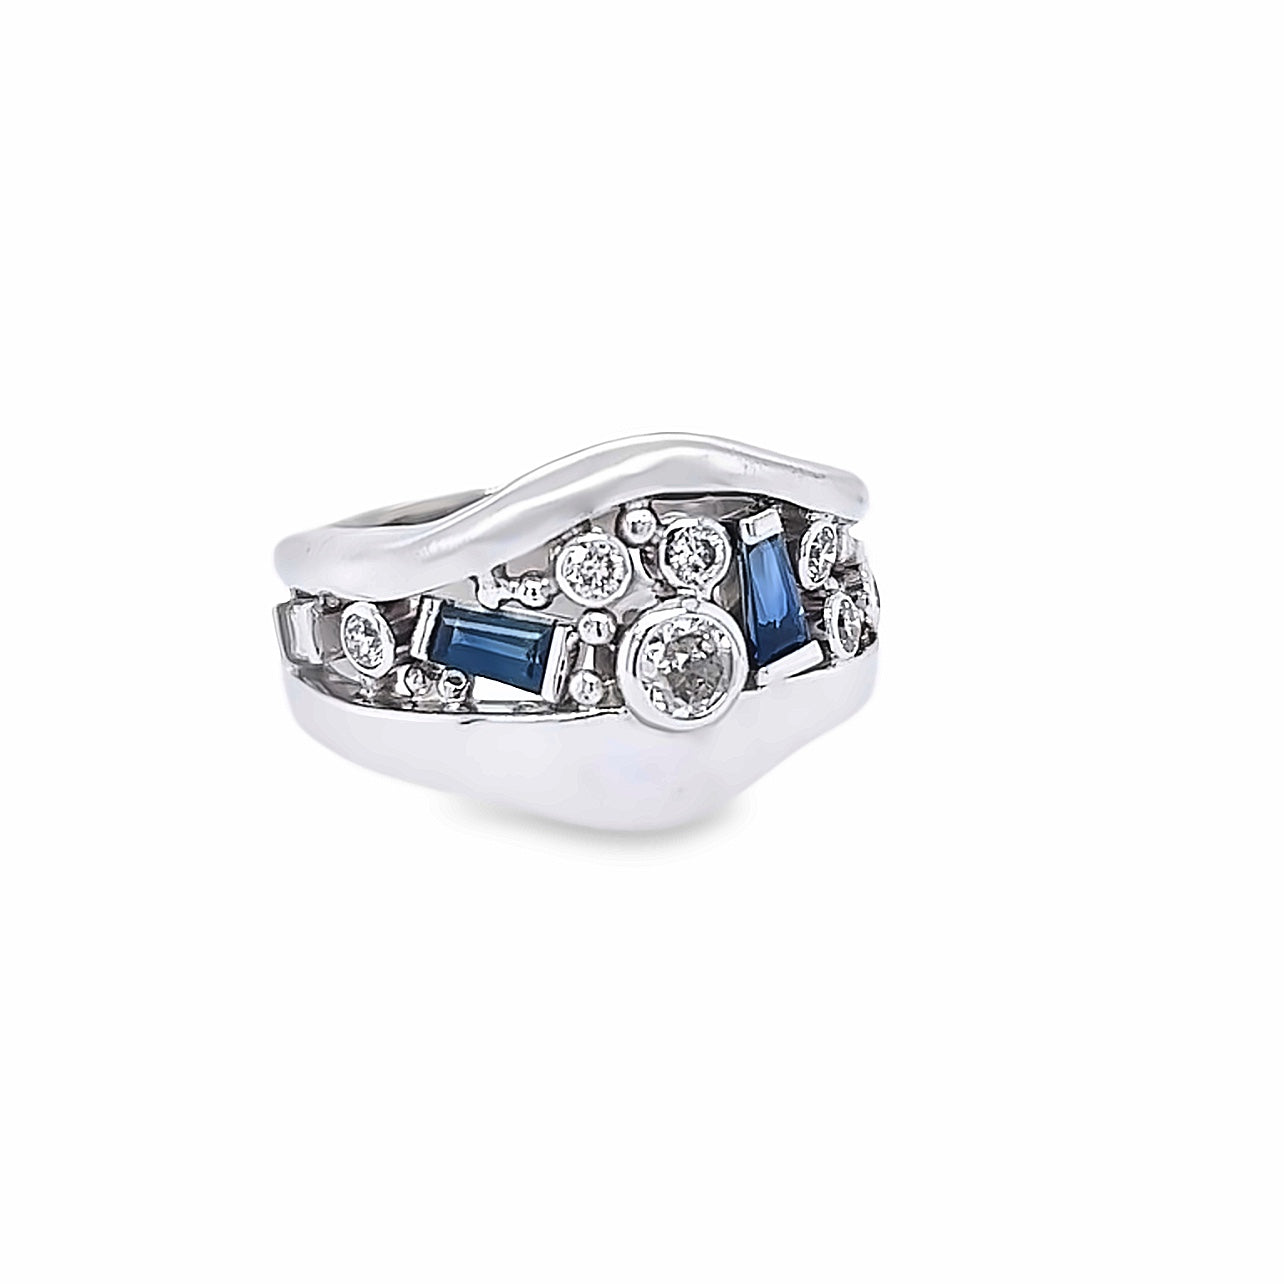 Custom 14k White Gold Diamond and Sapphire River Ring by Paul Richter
──────
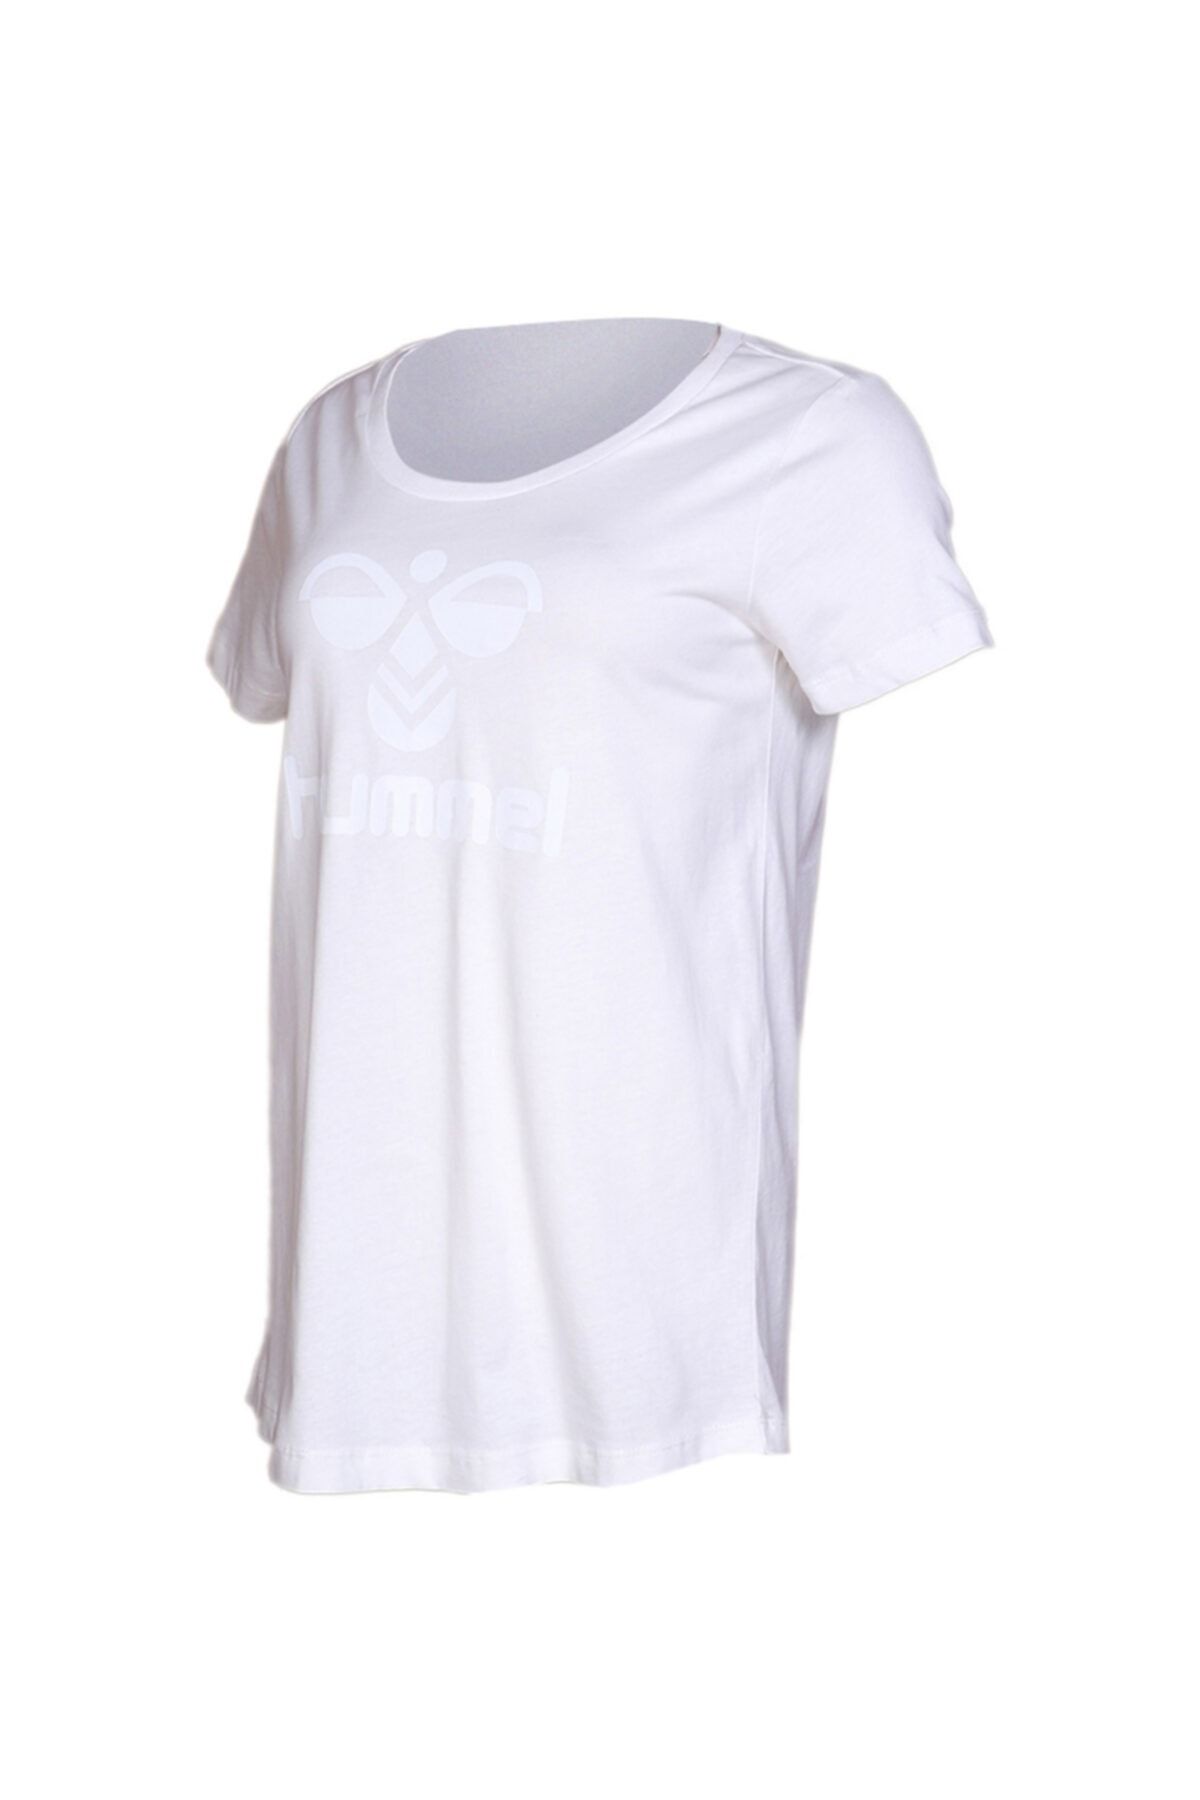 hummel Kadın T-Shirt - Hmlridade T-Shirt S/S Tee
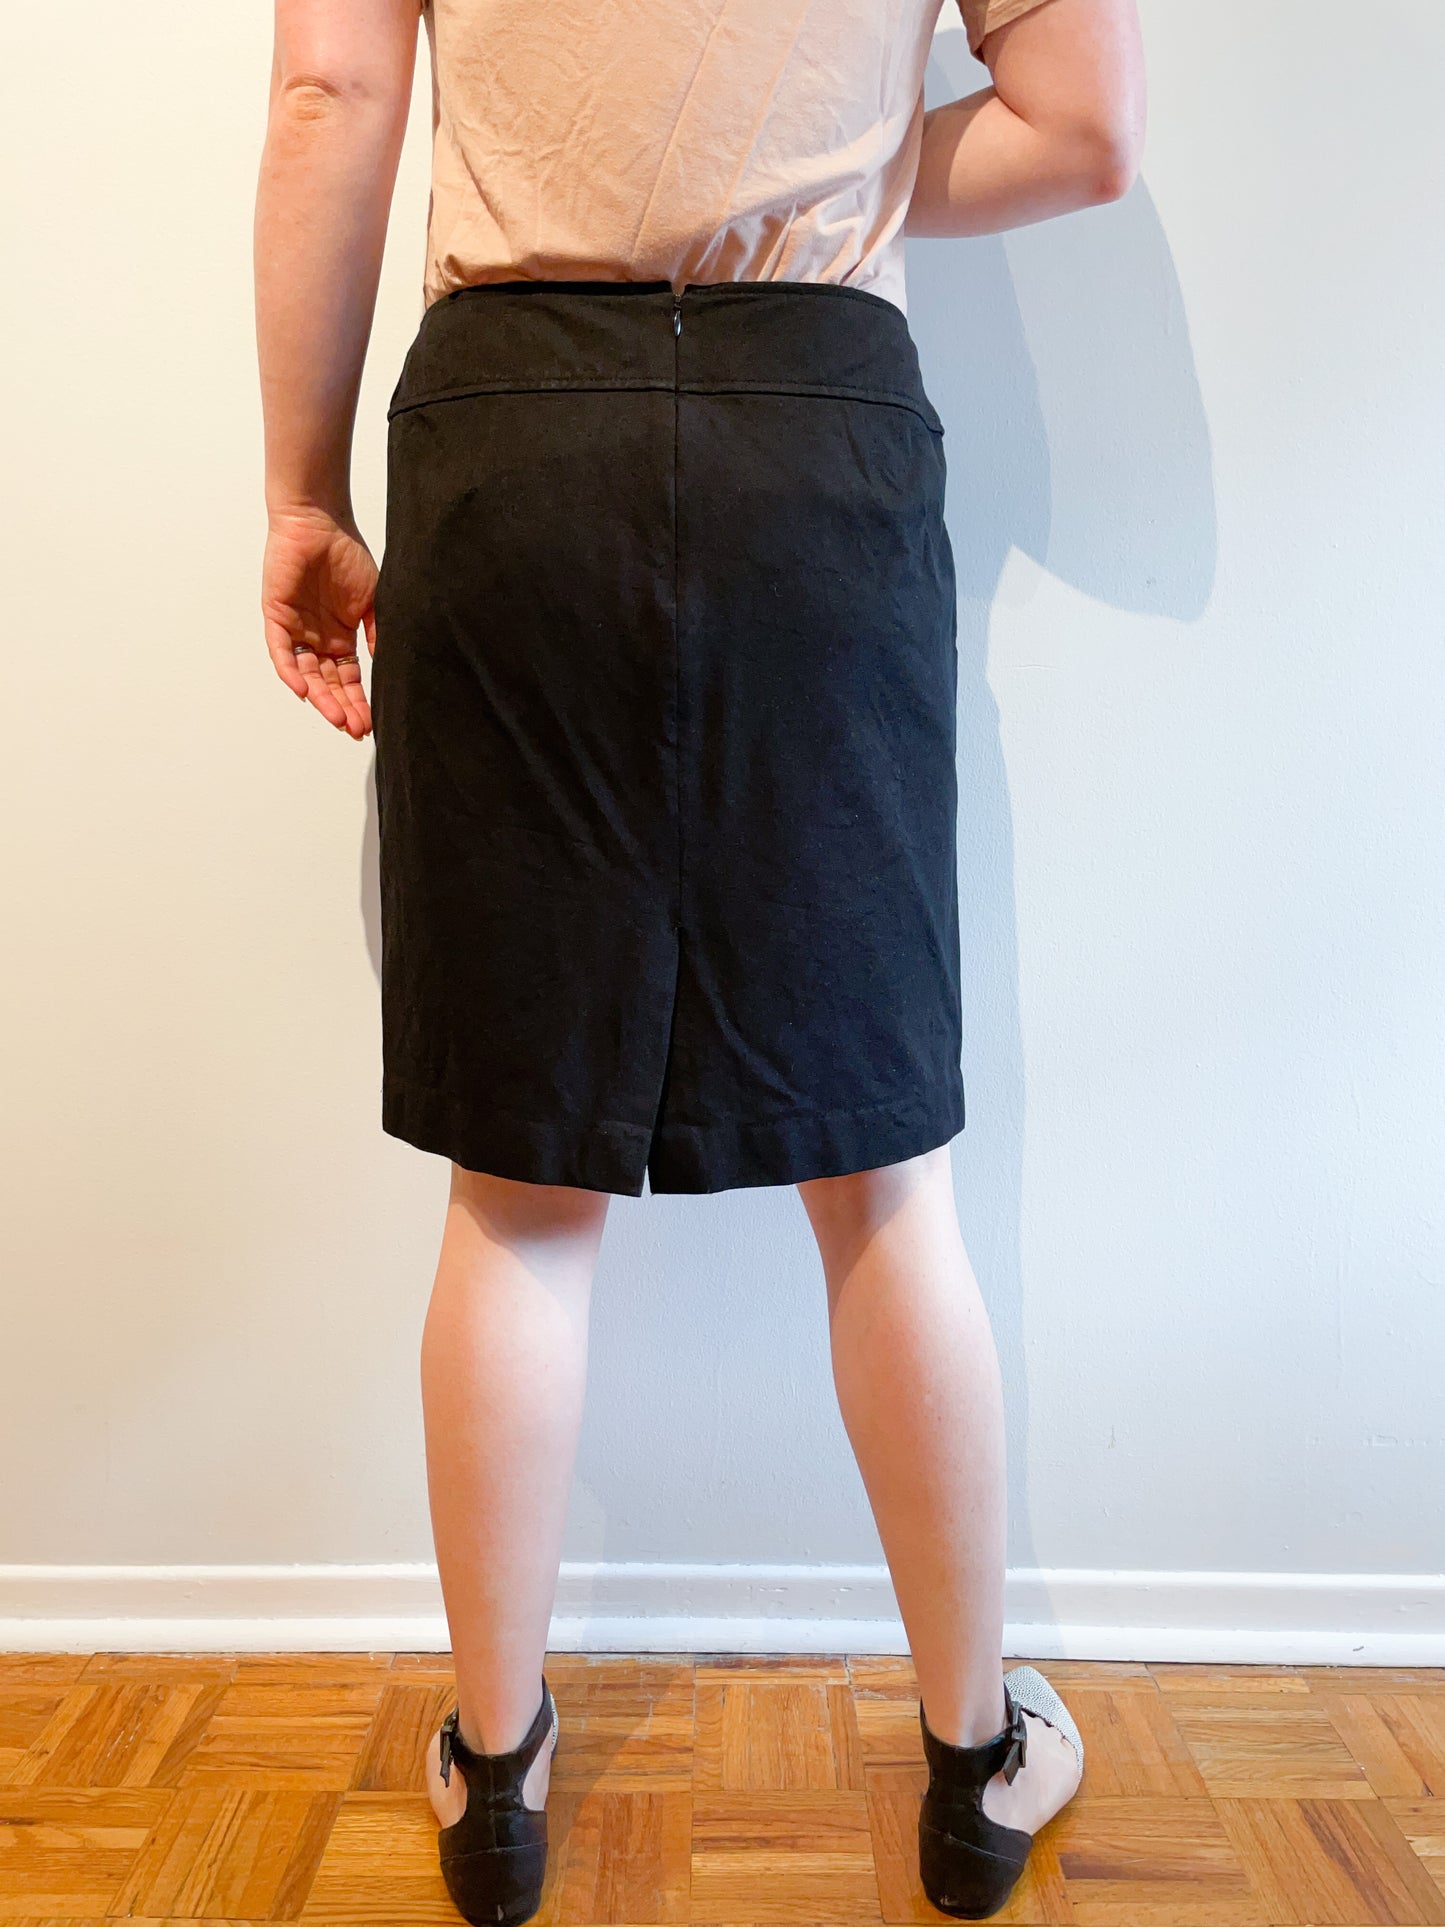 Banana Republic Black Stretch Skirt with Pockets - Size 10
──────
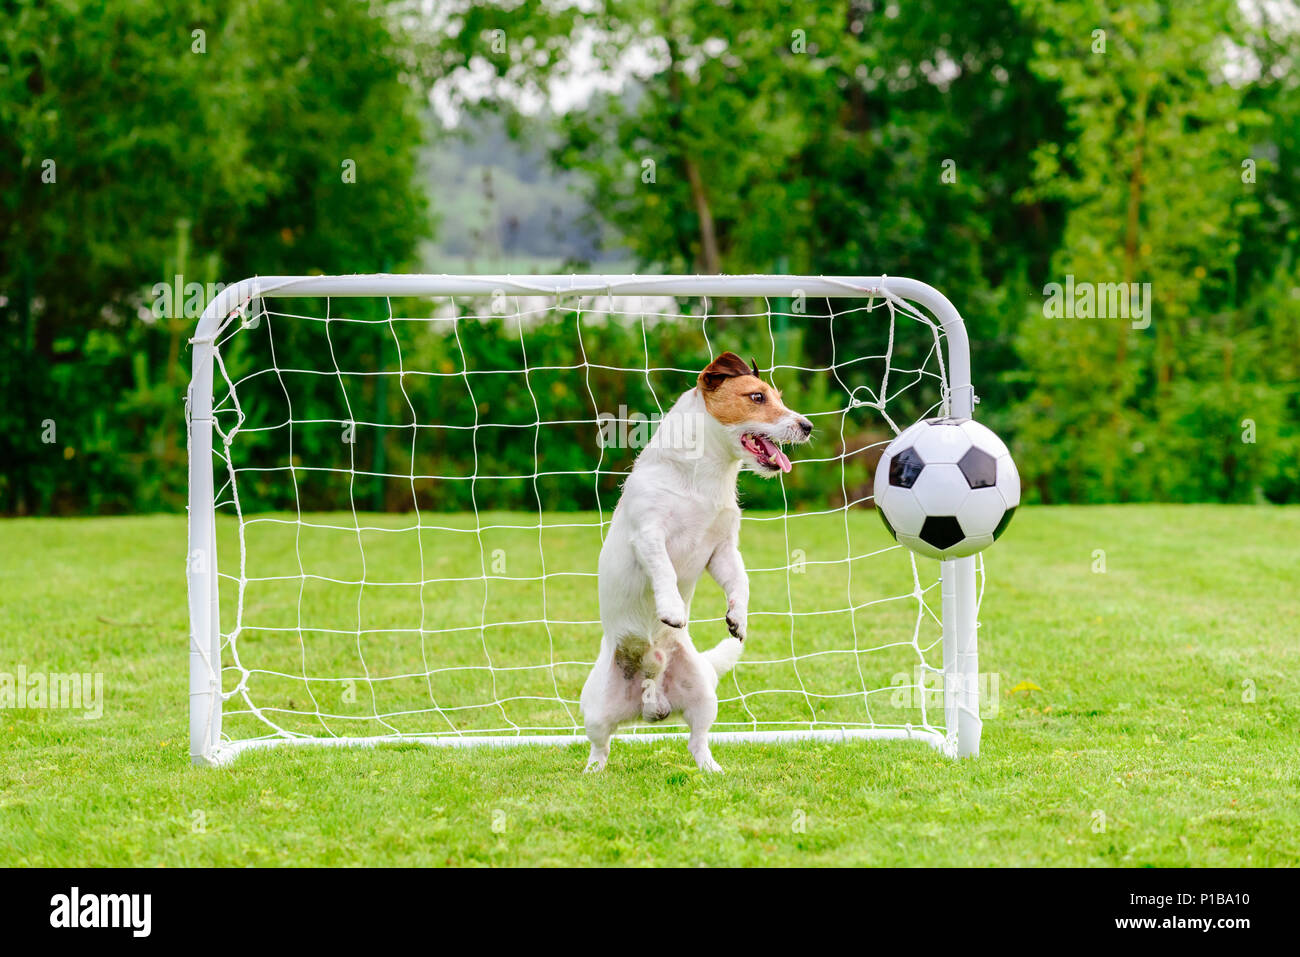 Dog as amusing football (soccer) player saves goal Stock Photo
──────
- _To do_: Give back exactly the lines above from the one with "hummel Kadın T-Shirt" through the one with "Banana Republic Black", both included. Pictures don't belong in the copy.

- _Problem solution_:
 hummel Kadın T-Shirt - Hmlridade T-Shirt S/S Tee
 Banana Republic Black Stretch Skirt with Pockets - Size 10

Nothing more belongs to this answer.